-------- GIVEN MATERIAL --------

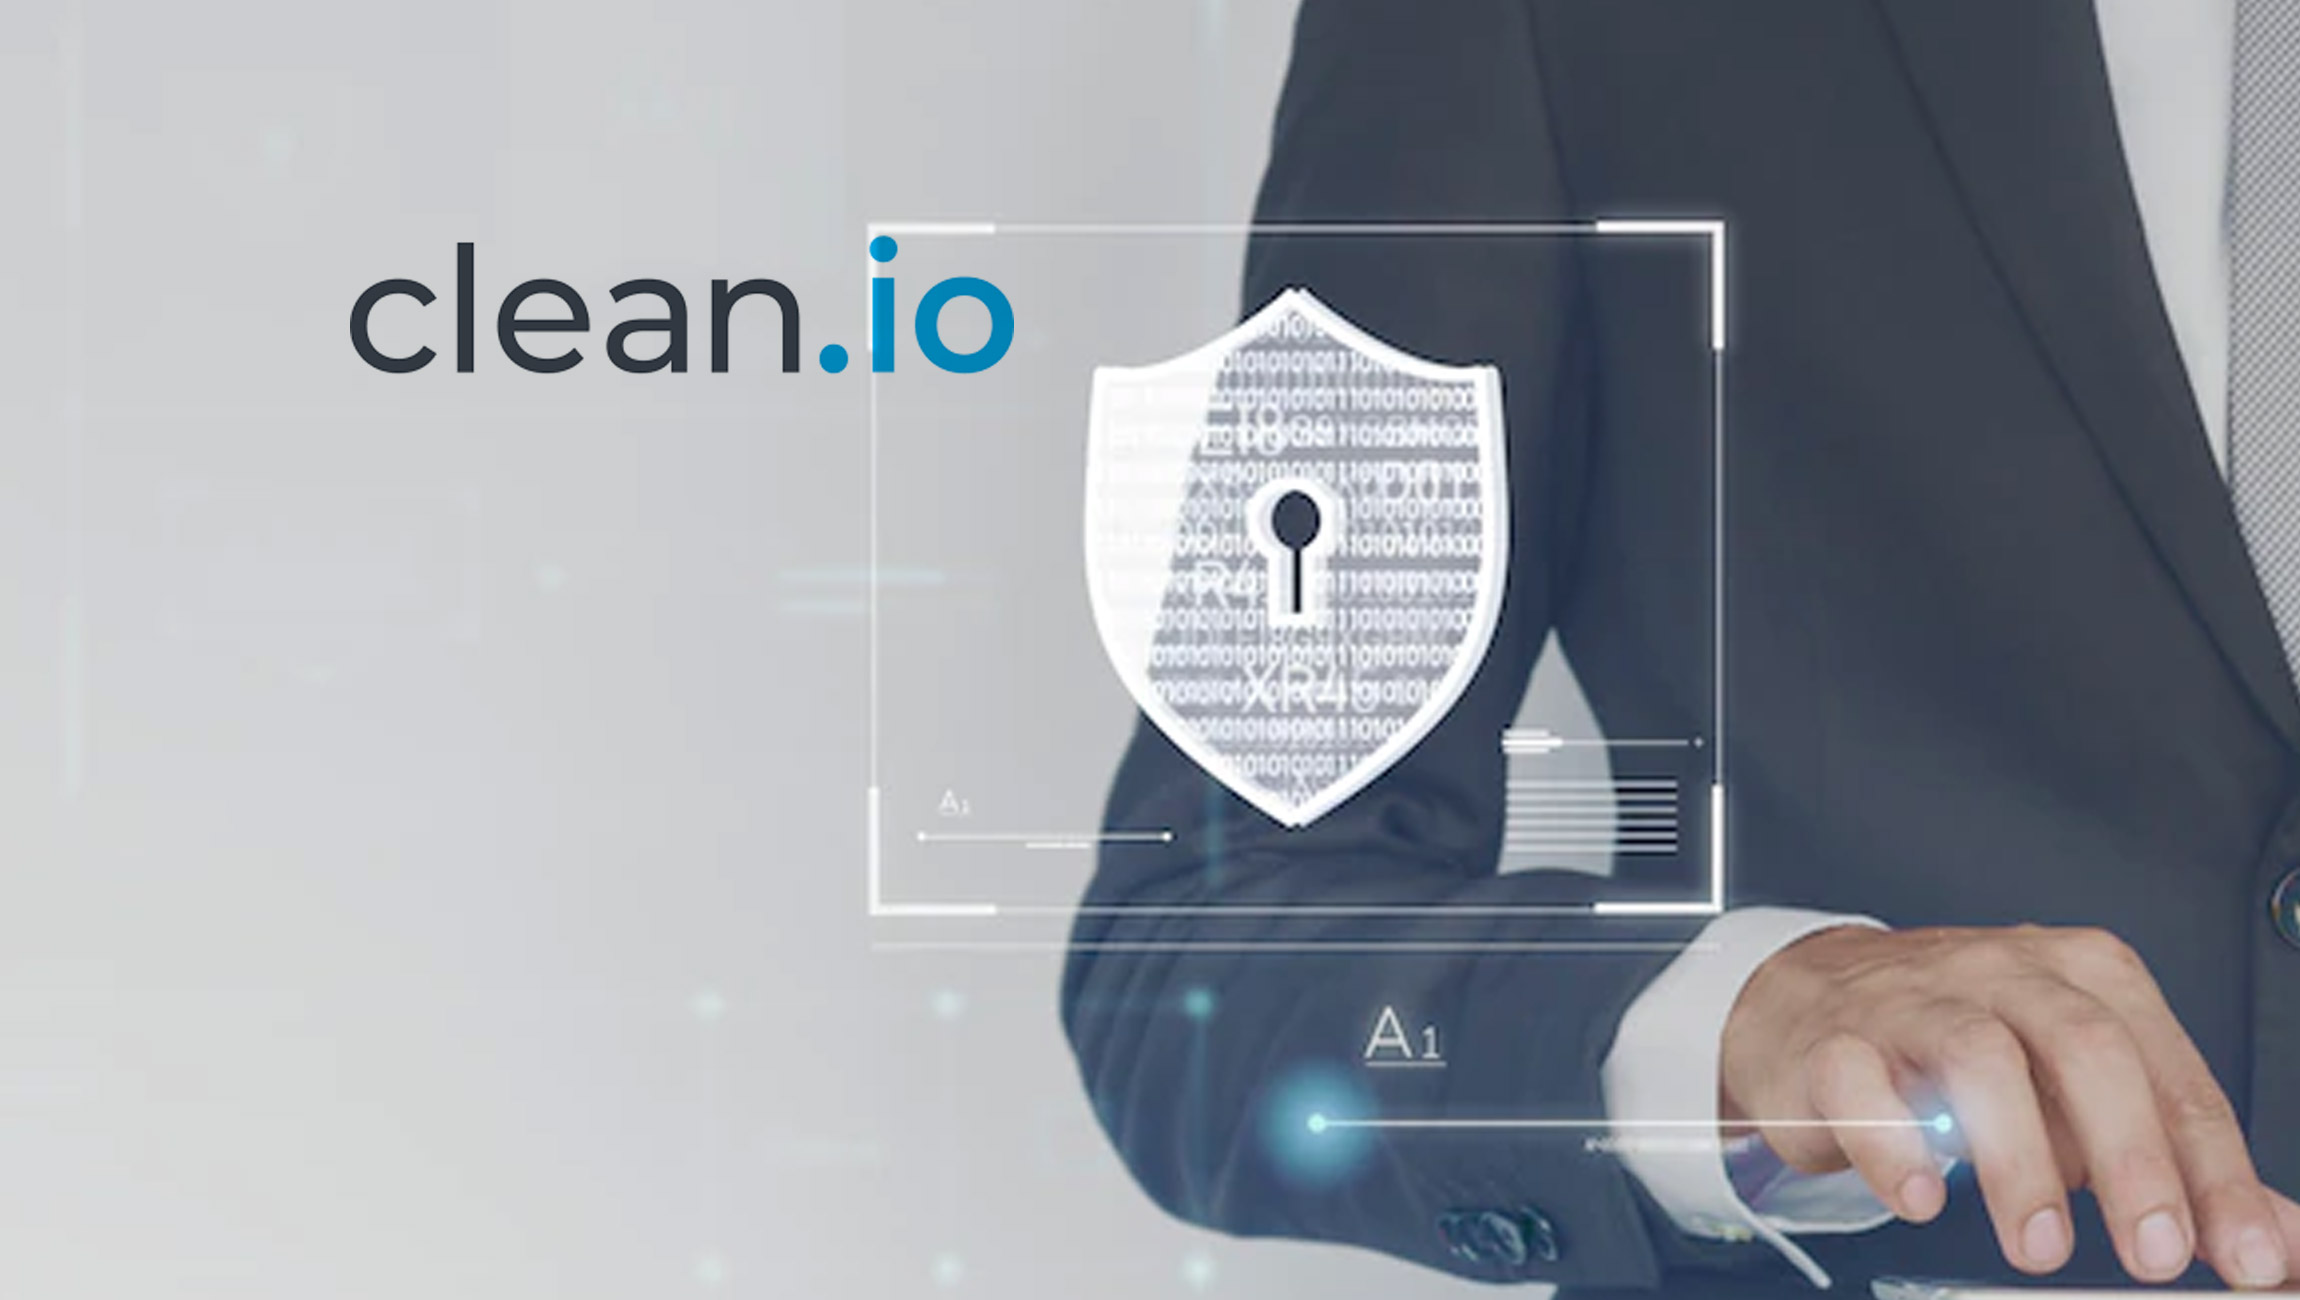 clean.io Prevents Affiliate Attribution Fraud Caused by Third-Party Coupon Extensions That Cost Merchants $3 Billion Annually 1
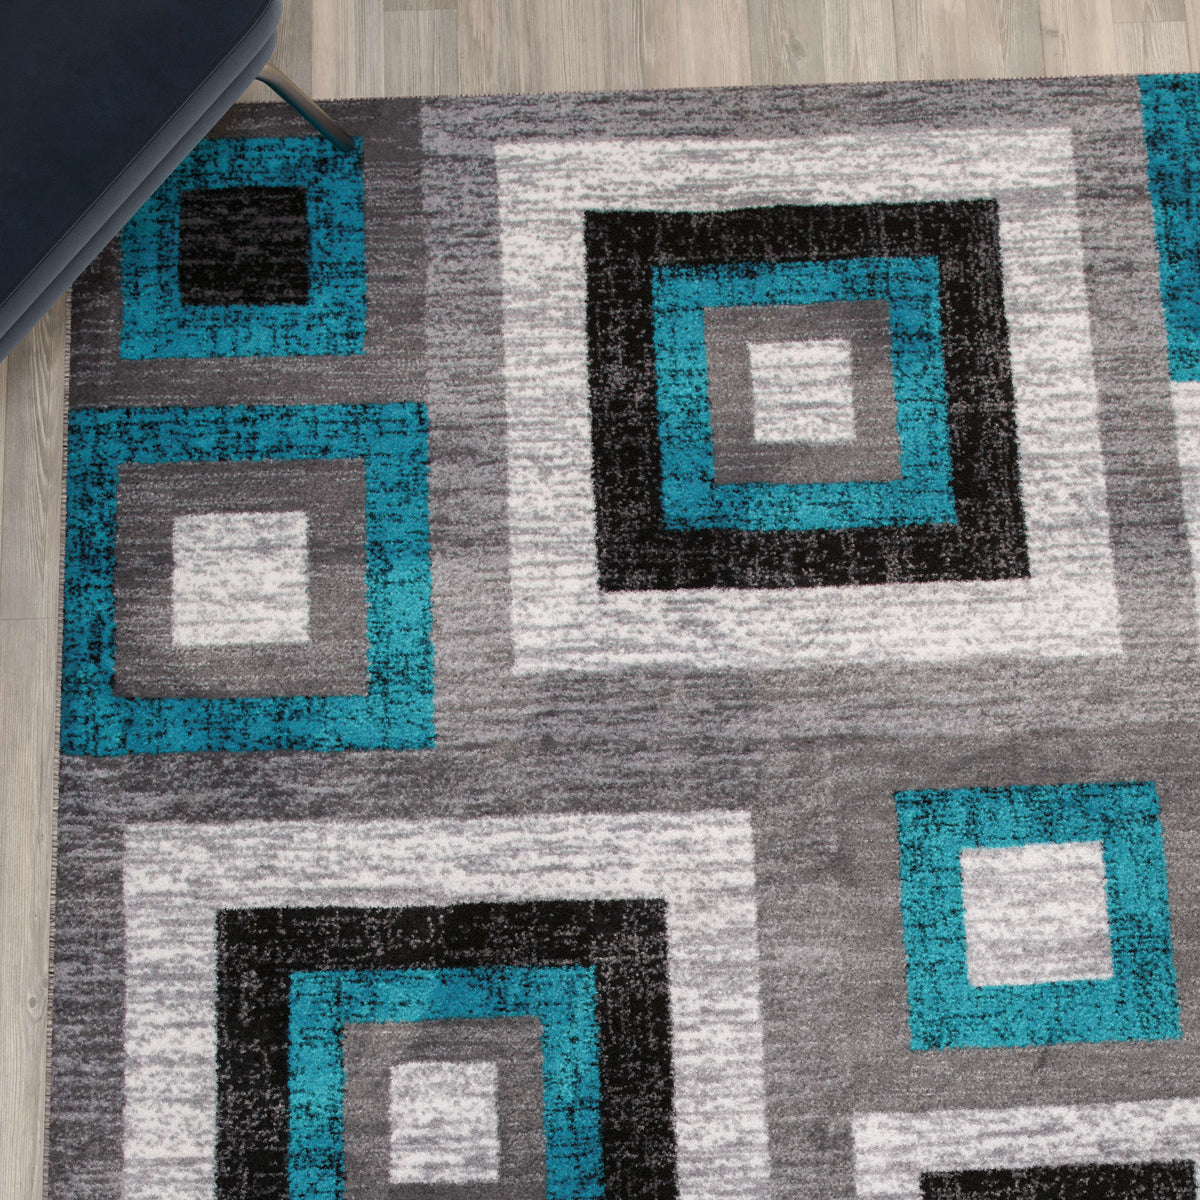 Turquoise,5' x 7' |#| Modern Geometric Design Area Rug in Turquoise, Grey, and White - 5' x 7'
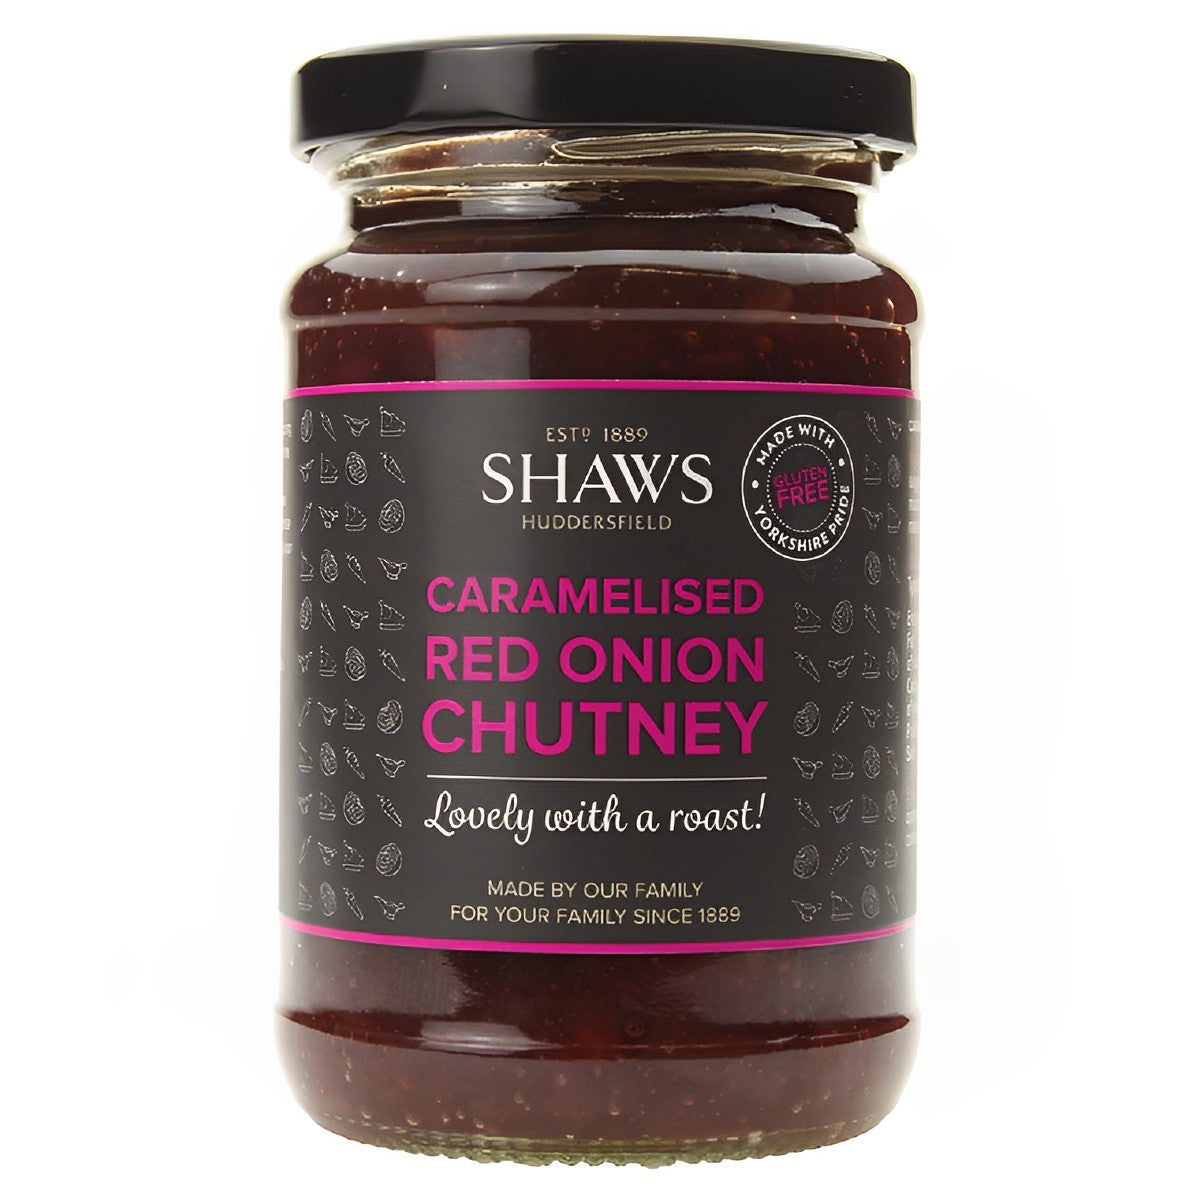 Shaws - Caramelised Red Onion Chutney - 310g - Continental Food Store

--------

#### WORK ORDER:
What is needed is every line from the one with "Turquoise,5' x 7'" to the final line of the listing above, set down exactly and with the pictures left out.

#### ANSWER TO THIS TASK:
 Turquoise,5' x 7' |#| Modern Geometric Design Area Rug in Turquoise, Grey, and White - 5' x 7'
 Shaws - Caramelised Red Onion Chutney - 310g - Continental Food Store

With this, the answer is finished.